First of all, Affinity Photo is not Adobe Photoshop. Functions that exist in Photoshop did not grow into the programme overnight. 
Of course, it's easier when you're served hot soup instead of having to make it yourself. What I mean to say is that many missing functions can also be created with macros. 
Cutting a selection is destructive and would be a good idea if you no longer need the original, otherwise you would have to save it in a new file anyway; you might as well save a new document from the selection.
If you no longer need the original and want to save the selection with the original name, you can create a macro that automates the necessary steps. Here, for example, invert selection, delete, deselect, limit canvas, rasterise layer, and save. Have I forgotten a step?

But yes, it is easier to have the worm brought to you than to look for it yourself.

And you have to remember that Serif has a much smaller development budget than Adobe. So the developers at Serif have to weigh up what to include in the programme. 

I also miss a few things in Affinity Photo, but as I wrote, Affinity Photo is not Photoshop. 

1. Again, a good tool makes things easier, not harder. 

2. Google 'Photoshop Alternative' and Affinity Photo makes 9/10 'alternative lists'. Whether you agree or not, Affinity Photo is considered an alternative to Photoshop, and the folks at Serif are doing nothing to contradict that. You can't look at Photoshop and Affinity Photo side by side and proclaim with seriousness that the latter isn't trying to replicate the former. 

3. It doesn't matter whether you think my workflow is destructive or not. If I need to achieve something and my 'destructive workflow' gets me to that goal 5 times faster than the alternative, then why on earth would I take a longer and more difficult route instead? 

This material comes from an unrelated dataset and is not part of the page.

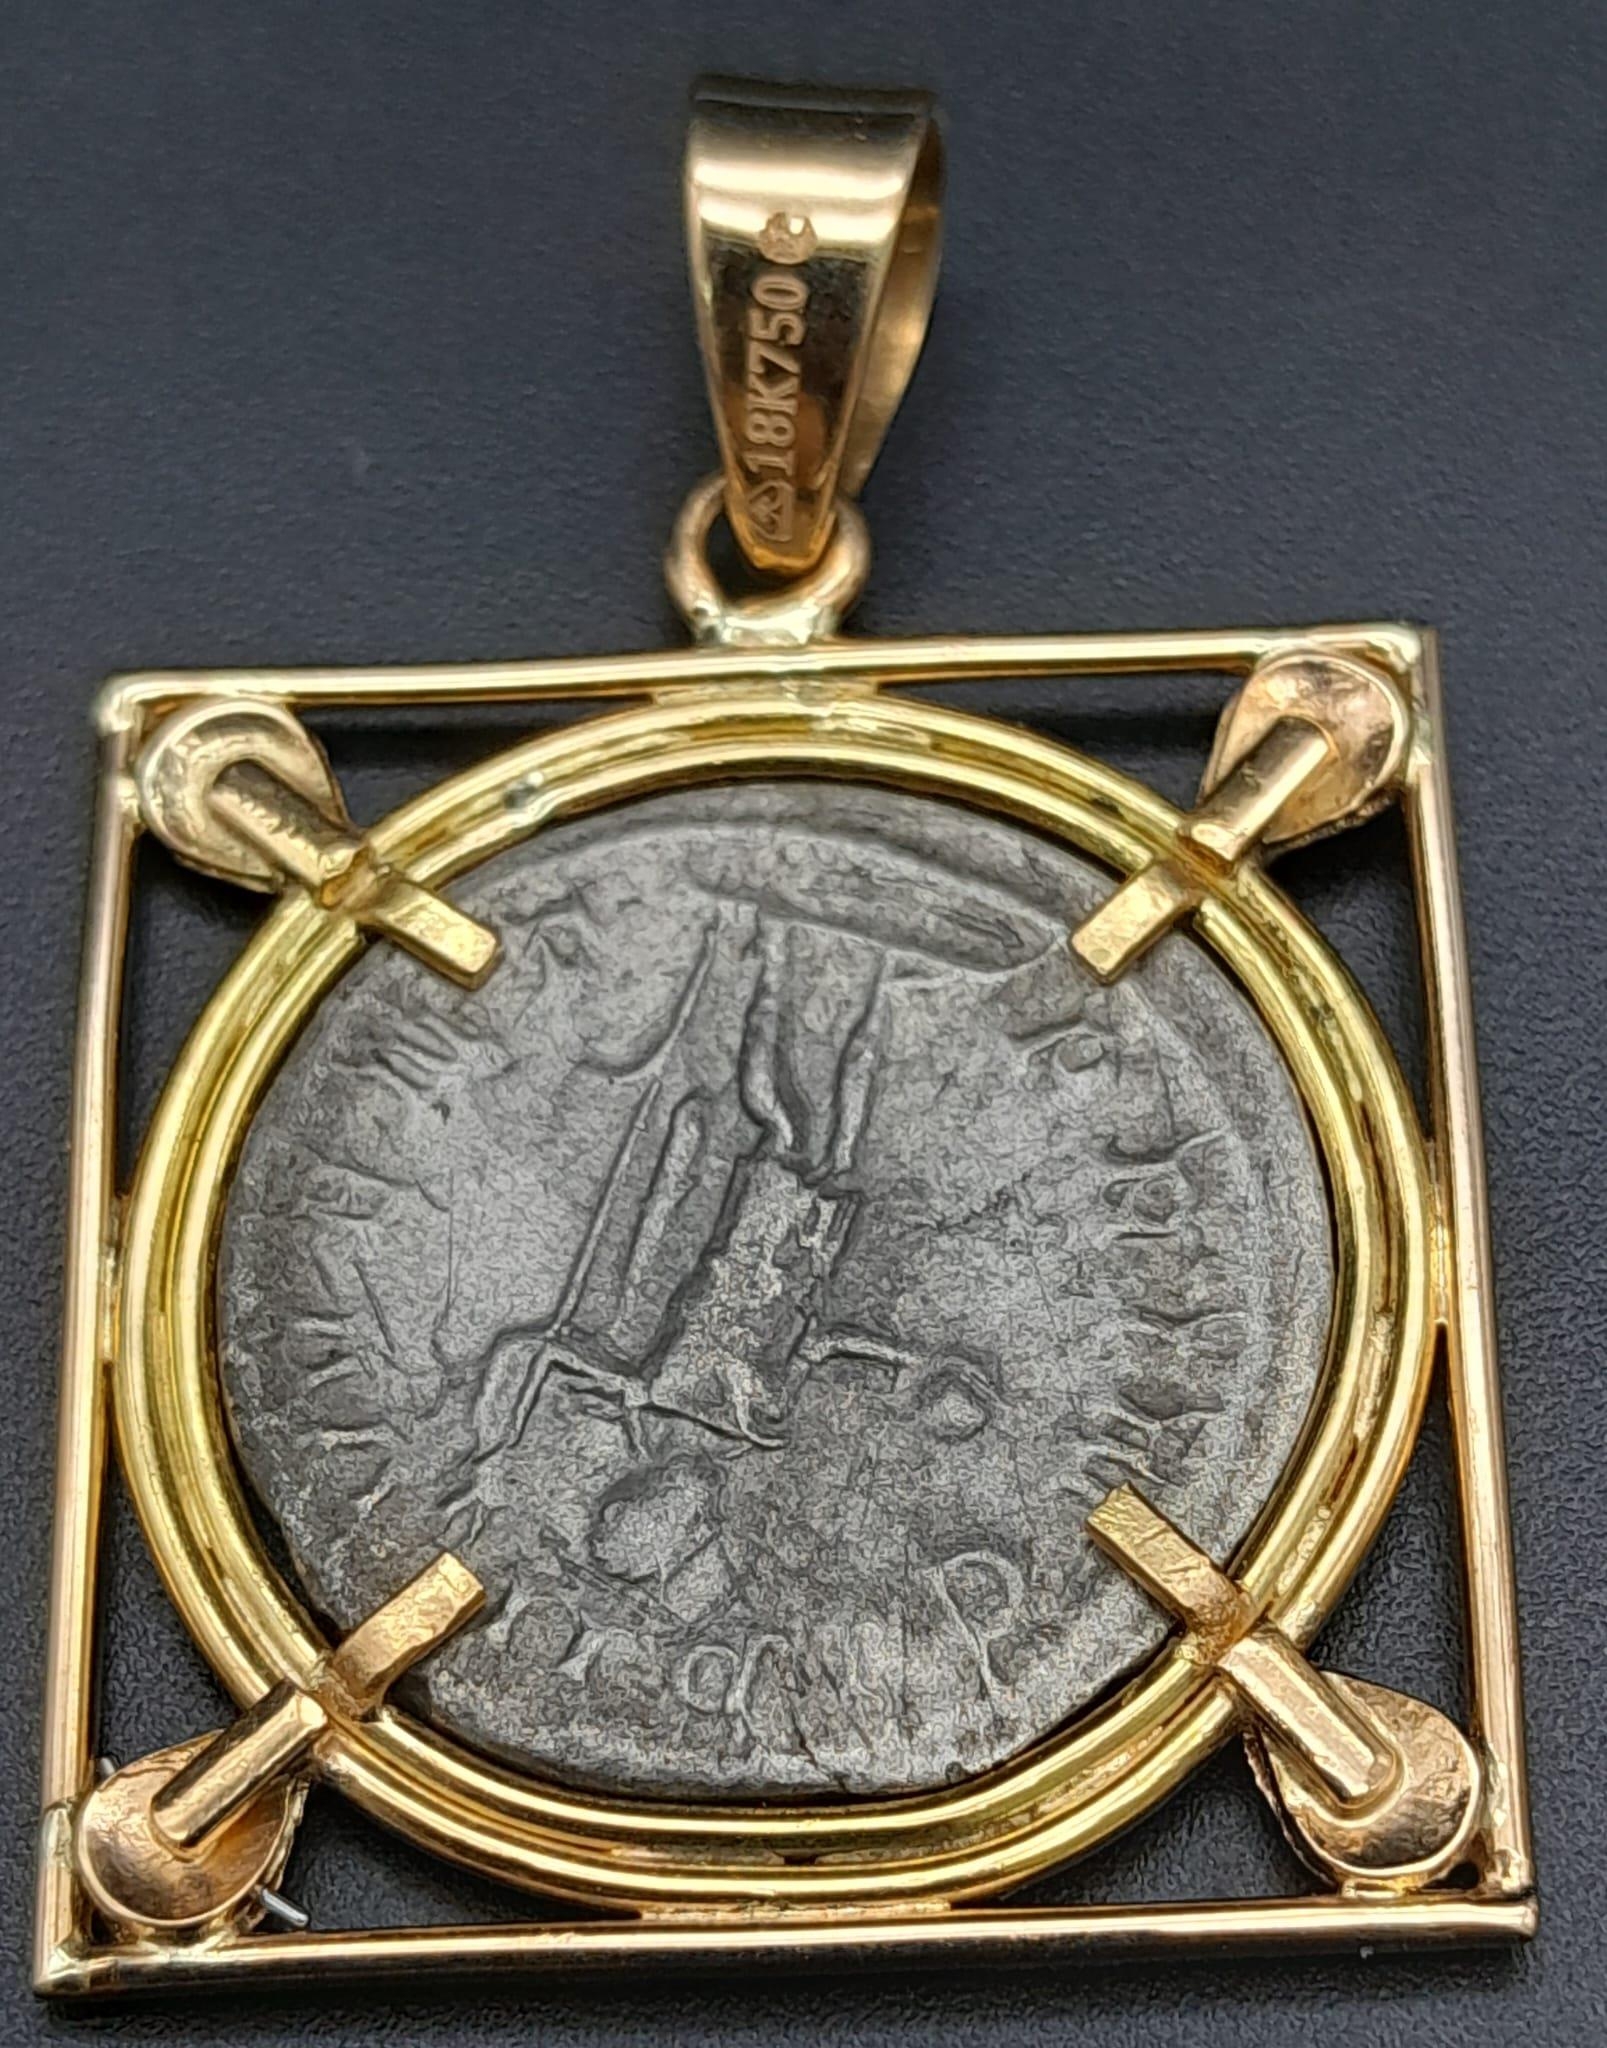 An Ancient Roman Rare Coin Pendant set in 18K Yellow gold - with Old Dealer's Ticket. 4.16 Ct. 10. - Image 2 of 6

4. Smaller budget. Yeah, I think they could have squeezed it in since this thread started in 2017. Not expecting, nor wanting Adobe bloat level updates. Just basic stuff - which others have noted - is found in free alternatives. 

Bottom line is that there are two serious contenders to Photoshop; Gimp and Affinity Photo. But for some reason Affinity Photo is having an identity crisis about what it wants to be, and for even more explicable and strange reasons, Affinity Photo fans are working overtime to reject suggestions for alternative workflows, which wouldn't take away anything they already have and love, but instead add features that would draw a larger crowd.

I wonder why that is...A simple crop selection feature won't take ANYTHING away from your workflow. Why are you so opposed to me adding it to mine? How is adding this feature going to hurt you?